Field Comparisons of Three Biomarker Detection Methods in Icelandic Mars Analogue Environments

Tuesday, 16 December 2014
Diana Gentry1, Elena Sophia Amador2, Morgan L Cable3, Nosheen Chaudry4, Thomas Cullen4, Malene Jacobsen5, Gayathri Murusekan6, Edward Schwieterman2, Adam Stevens7, Amanda Stockton8, Chang Yin9, David Cullen4 and Wolf Geppert9, (1)Stanford University, Stanford, CA, United States, (2)University of Washington Seattle Campus, Seattle, WA, United States, (3)Jet Propulsion Laboratory, Pasadena, CA, United States, (4)Cranfield University, Cranfield, United Kingdom, (5)University of Copenhagen, Copenhagen, Denmark, (6)University of Turku, Turku, Finland, (7)The Open University, Milton Keynes, United Kingdom, (8)Georgia Institute of Technology Main Campus, School of Chemistry and Biochemistry, Atlanta, GA, United States, (9)Stockholm University, Stockholm, Sweden
The ability to estimate the spatial and temporal distributions of biomarkers has been identified as a key need for planning life detection strategies. In a typical planetary exploration scenario, sampling site selection will be informed only by remote sensing data; however, if a difference of a few tens of meters, or centimeters, makes a significant difference in the results, science objectives may not be met.

We conducted an analogue planetary expedition to test the correlation of three common biomarker detection methods -- cell counts through fluorescence microscopy, ATP quantification, and quantitative PCR with universal primer sets (bacteria, archaea, and fungi) -- and their spatial scale representativeness. Sampling sites in recent Icelandic lava fields (Fimmvörđuháls and Eldfell) spanned four nested spatial scales: 1 m, 10 m, 100 m, and > 1 km. Each site was homogeneous at typical 'remote sampling' resolution (overall temperature, apparent moisture content, and regolith grain size).

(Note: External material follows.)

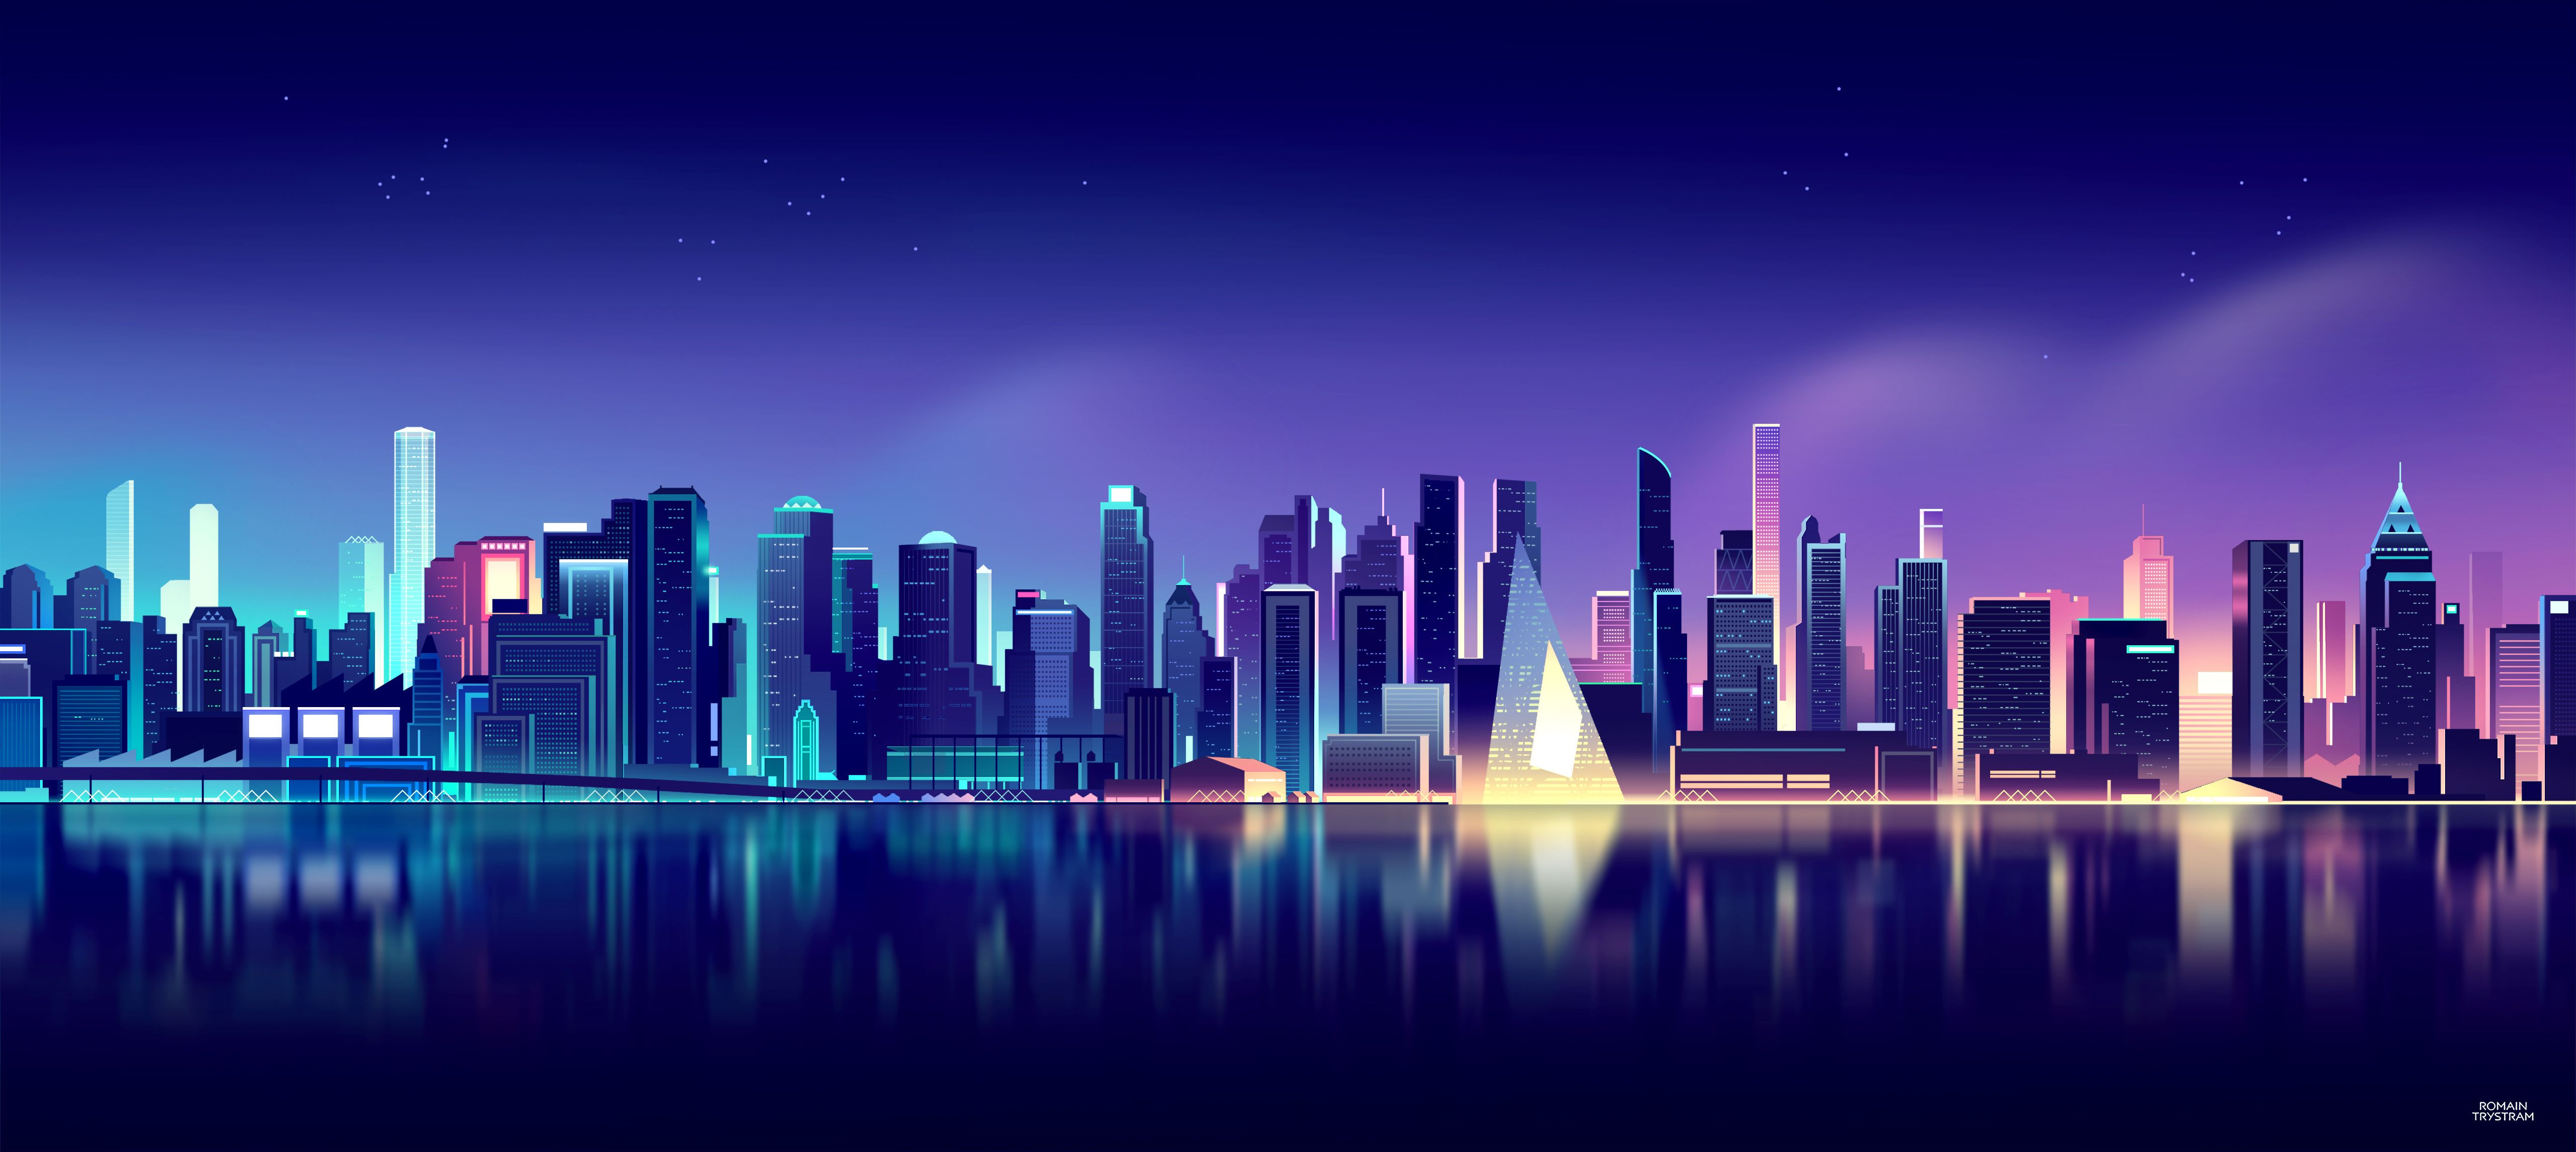 Cityscape 4K Wallpaper, Neon, Reflections, 5K, World

No correlation between cell counts and either ATP or qPCR data was significant at any distance scale; ATP quantification and the archaeal and fungal qPCR data showed a marginal negative correlation at the 1 m level. Visible cell count data was statistically site-dependent for sites 10 m and 100 m apart, but not for sites > 1 km apart, whereas ATP results and qPCR data showed site dependence at all four scales. Distance had no significant effect on variability in cell counts and qPCR data, but was positively correlated with ATP variability.

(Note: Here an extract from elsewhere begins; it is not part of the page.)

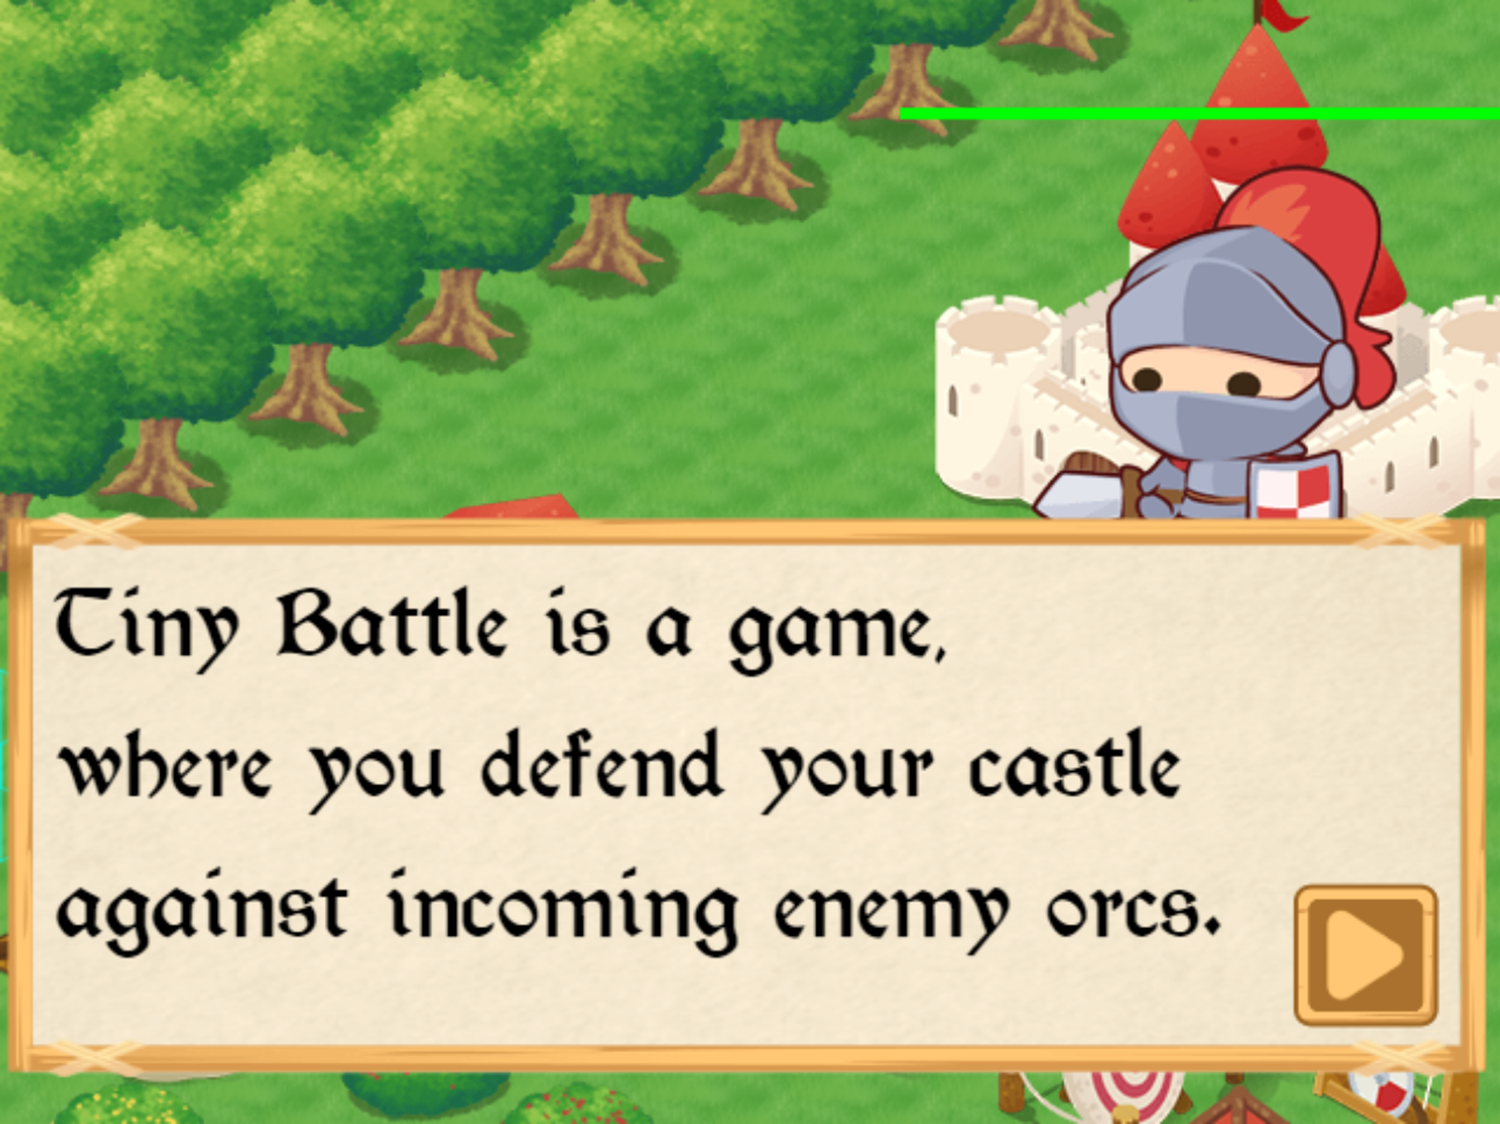 Tiny Battle Game Goal Screenshot.

These results highlight the difficulty of choosing a 'good' biomarker: not only may different methods yield conflicting results, but they may also be differentially representative of the overall area. We intend to expand on this work with a follow-up campaign using comprehensive assays of physicochemical site properties to better distinguish between effects of environmental variability and intrinsic biomarker variability.